The motto of Highland Park High School in Dallas, Texas is “Enter to learn. Go forth to serve,” but apparently, if you’re a high school student who wants to learn anything about spiritual awakening in Hermann Hesse’s “Siddhartha,” cultural identity in Toni Morrison’s “Song of Solomon” or structural economic inequality in David K. Shipler’s “The Working Poor: Invisible in America,” you’d better do it on your own time.

Those books and four others are on the list of books banned from the school’s required reading list (and, hence, are banned from being taught in Highland Park High's classrooms) by the school district after parents’ angry emails to board members demanding that they be “suspended” got results. (The books do not, however, appear to have been banned from the school library.) The news broke just ahead of Banned Books Week, an annual awareness campaign that spotlights books that people attempt to ban from schools and public libraries on the grounds that their content is offensive.

Jeanette Walls’ “The Glass Castle” is also on the list of books banned from the classroom, and Walls is set to deliver the keynote at the school’s literary festival in February 2015. It is unclear if she will withdraw -- at this time, she is still listed as the keynote speaker on the festival’s website -- but she said that she was disappointed about the decision to ban her memoir, which includes stories of her dysfunctional childhood rife with her parents’ alcoholism and mental illness.

“My book has ugly elements to it, but it’s about hope and resilience, and I don’t know why that wouldn’t be an important message,” Walls told the Dallas Morning News. “Sometimes you have to walk through the muck to get to the message.
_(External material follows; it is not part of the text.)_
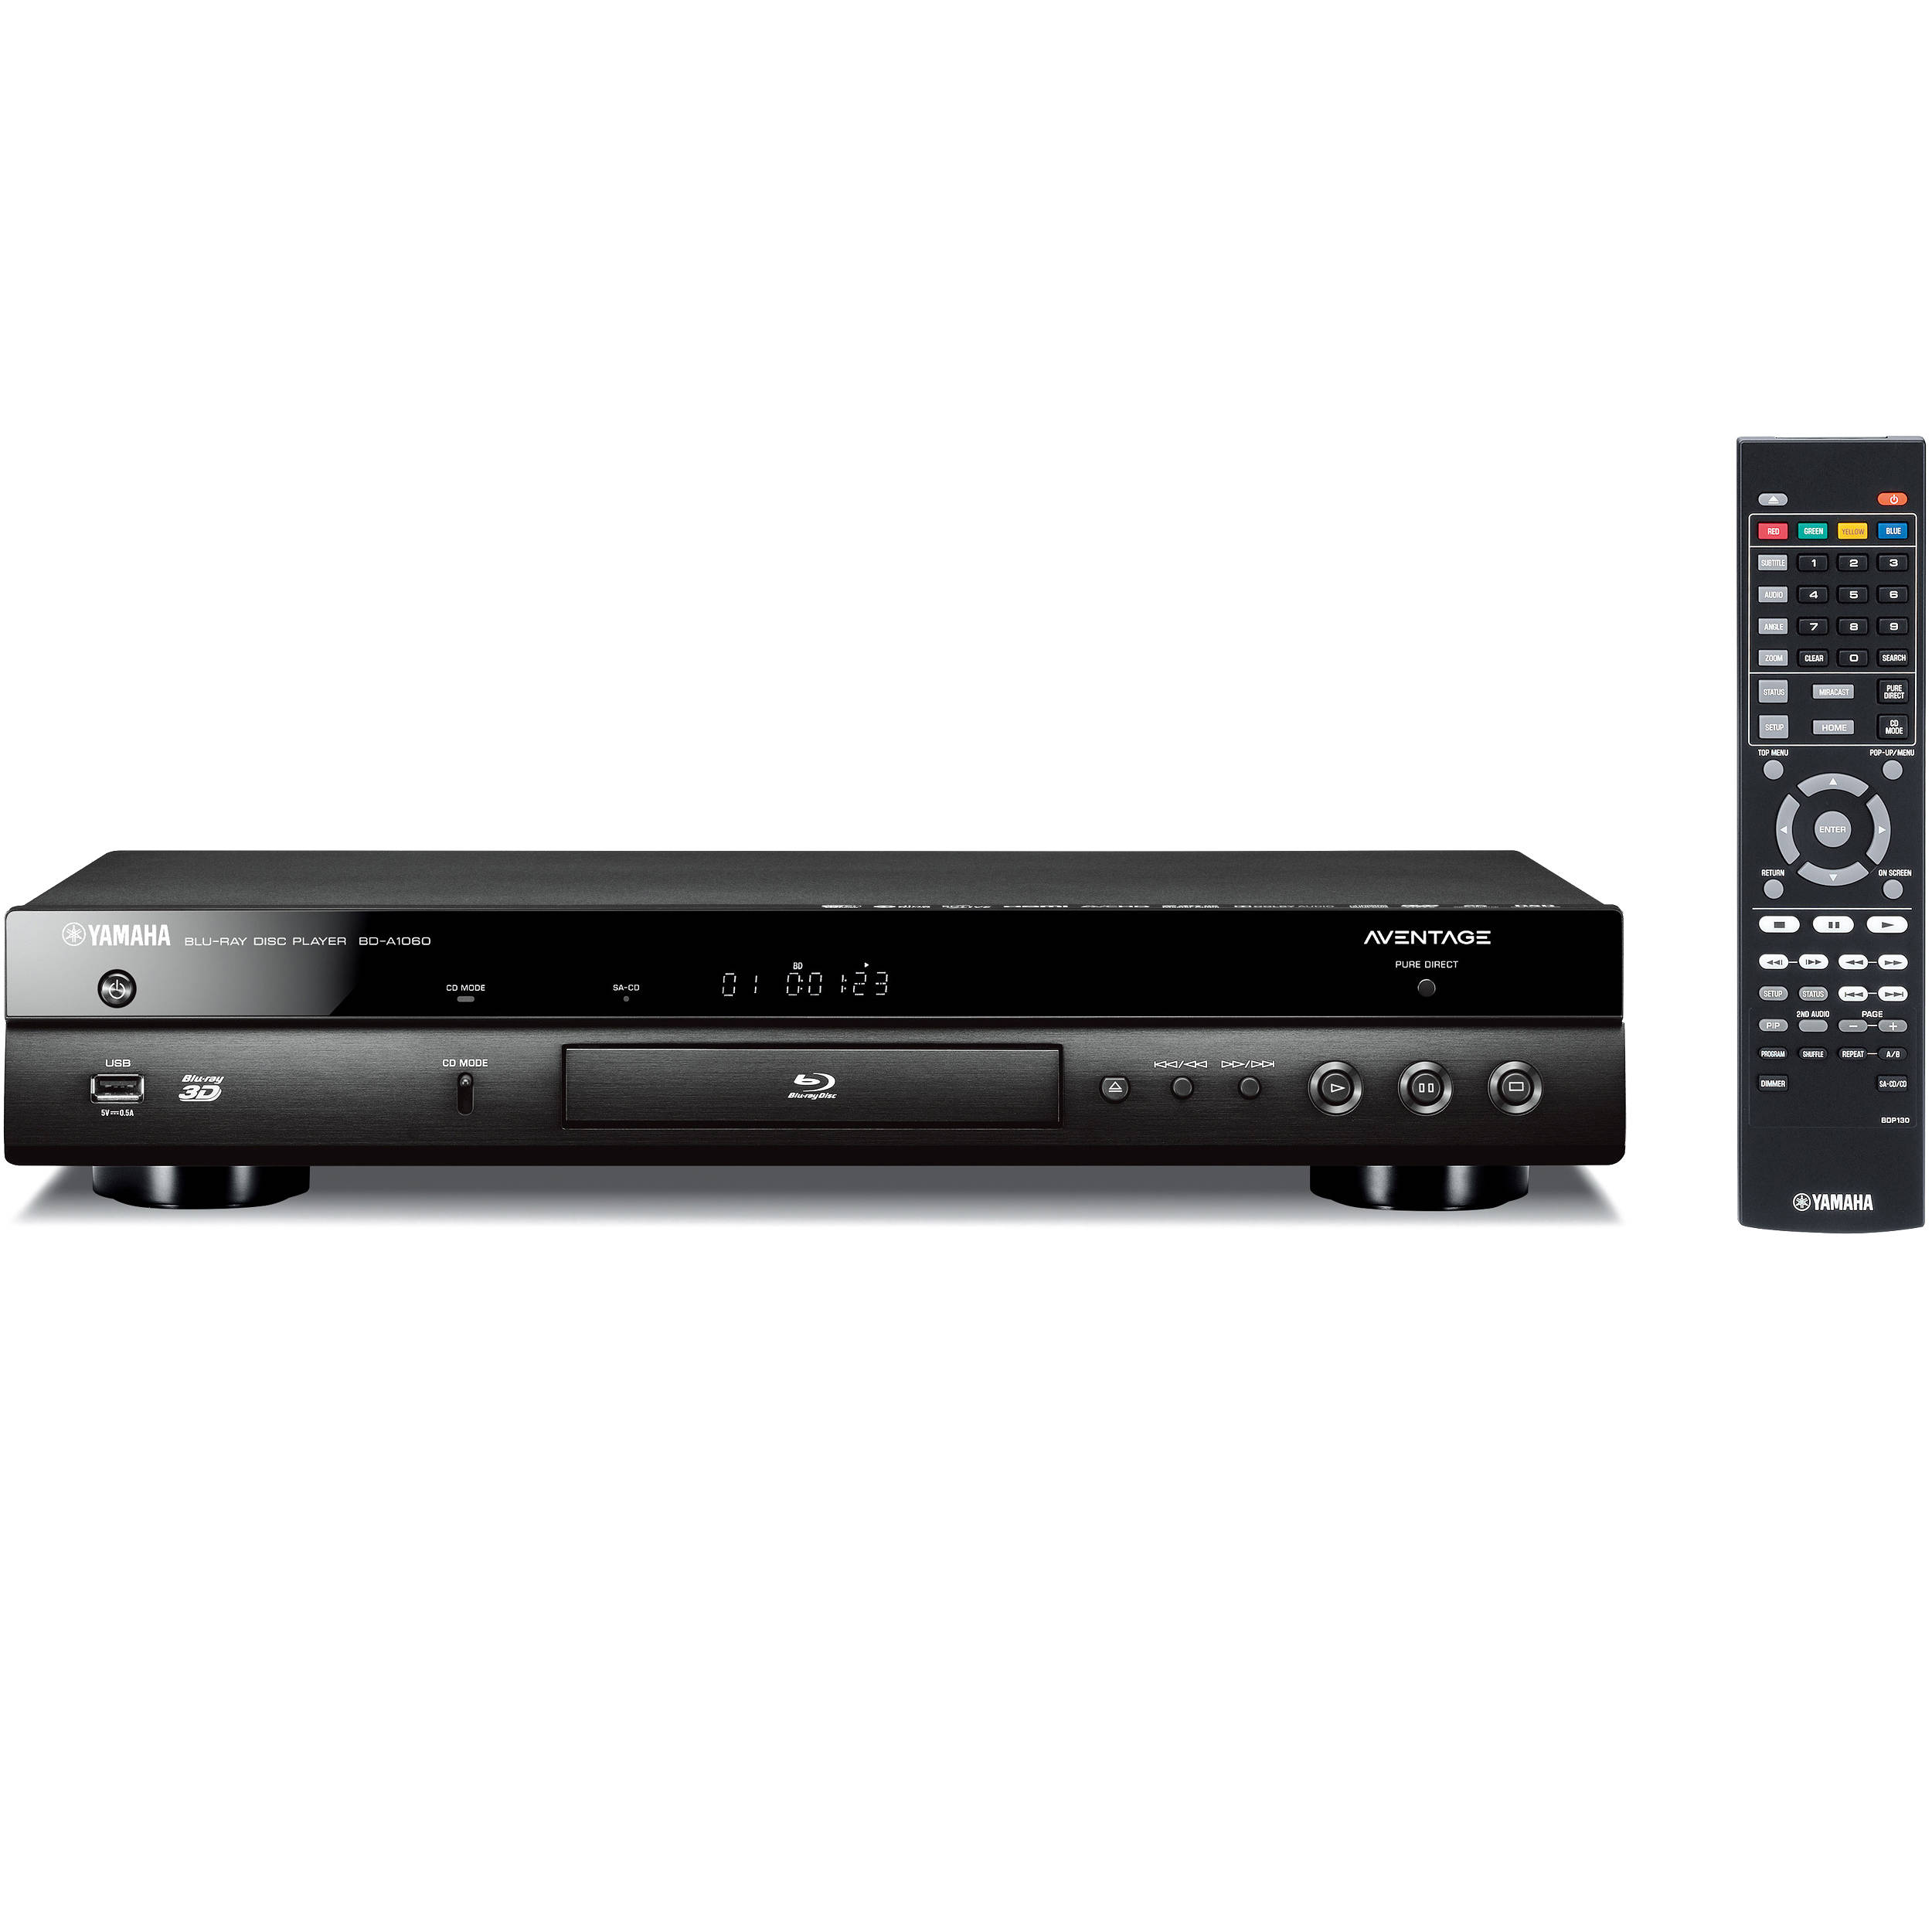 Yamaha AVENTAGE BD-A1060 4K Upscaling Wi-Fi and 3D Blu-ray Disc Player  (Black)
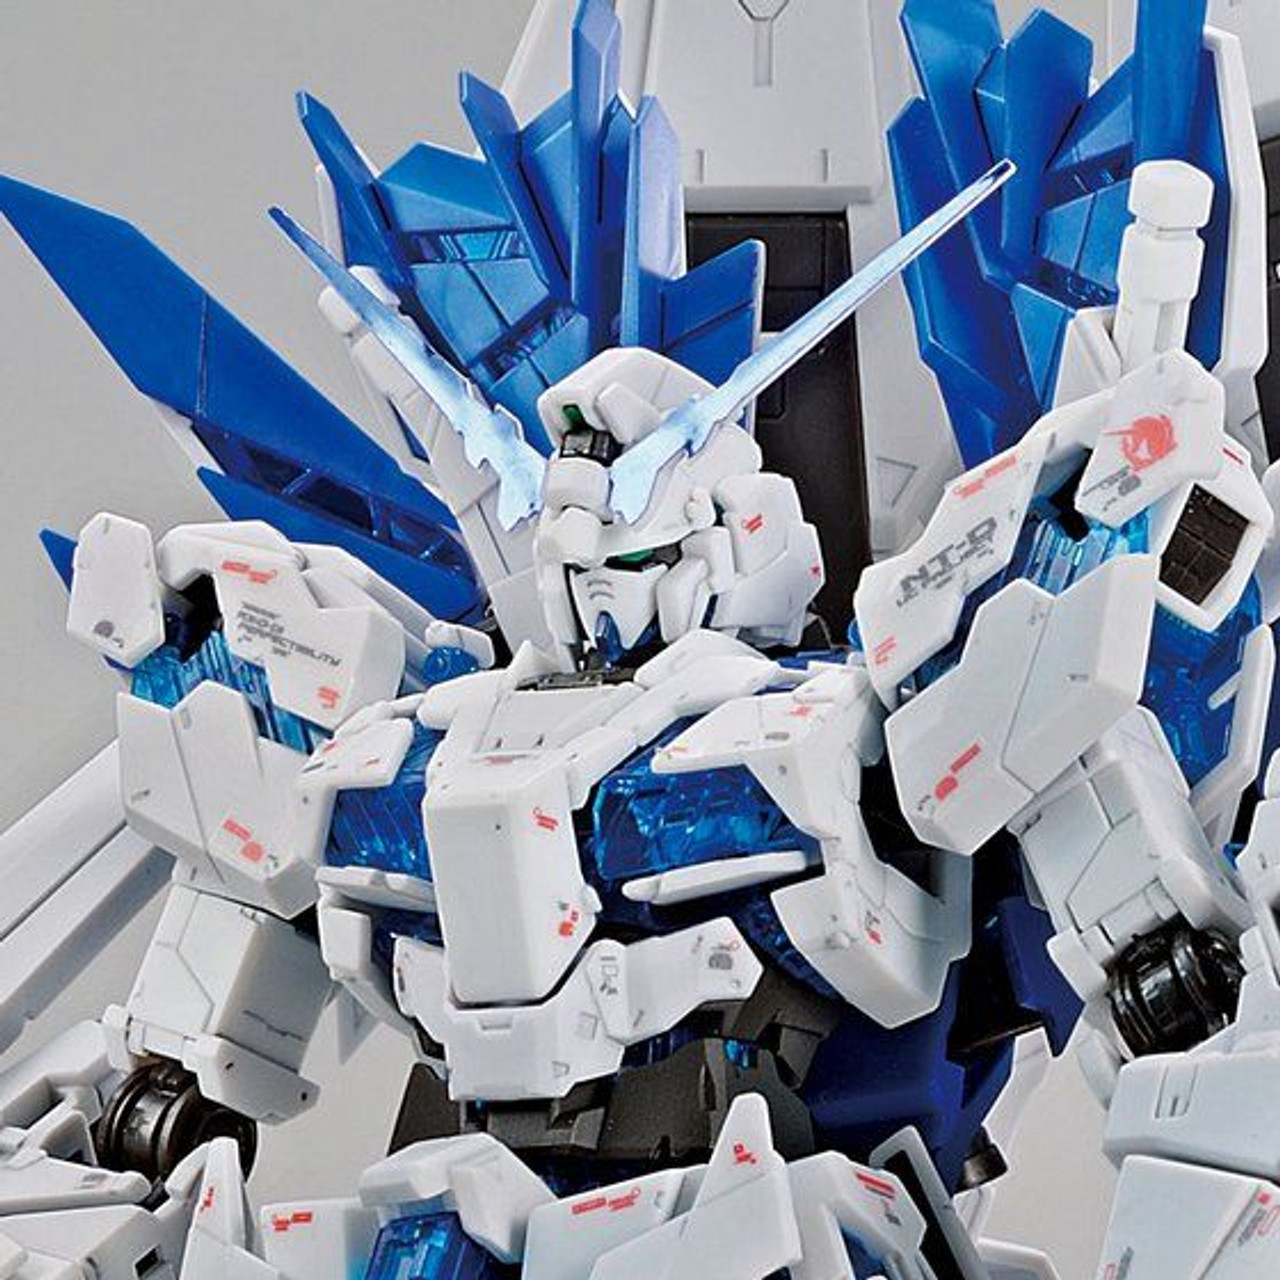 Rg 1 144 The Gundam Base Limited Unicorn Gundam Perfectibility Plastic Model Oct 2021 Kurama Toys Online Shop

What I worry is that in order to protect [students], we may be taking away the tools they need to protect themselves later on. “

The school district, at the behest of parents, cited the suspended books as inappropriate for a number of reasons, as reported by The Dallas Morning News: “Siddhartha” for its main character’s sexual encounters with prostitutes and because of the character’s having a child out of wedlock; “Song of Solomon” for its sexual content, including a storyline about incest; and the nonfiction book “The Working Poor,” which includes a young woman’s account of being raped in second grade and having an abortion as a teenager.

Other books banned include award-winning young adult novels “An Abundance of Katherines” by John Green (for sexual scenes) and Sherman Alexie’s “The Absolutely True Diary of a Part-Time Indian” (for strong language), which, as Aja Romano of The Daily Dot notes, “seems to spend more time on ban lists than it does on bookshelves.”

Not all parents are happy about the banning, and District Superintendent Dawson Orr and high school principal Walter Kelly have said that the banned books will be reviewed again by a committee of parents, teachers and students, which will probably take take several months, the Dallas Morning News reported. Highland Park High School’s approved list of books includes novels that are still considered subversive such as Gustave Flaubert’s “Madame Bovary” and Mark Twain’s “The Adventures of Huckleberry Finn.”

“This is not about banning books,” Tavia Hunt, a parent who objected to graphic sex scenes in books taught in English class, said to the Dallas Morning News. “No one is advocating that. We want the kids to have access to the books in the library. The problem is having obscene literature mandatory in the classroom and for discussion.”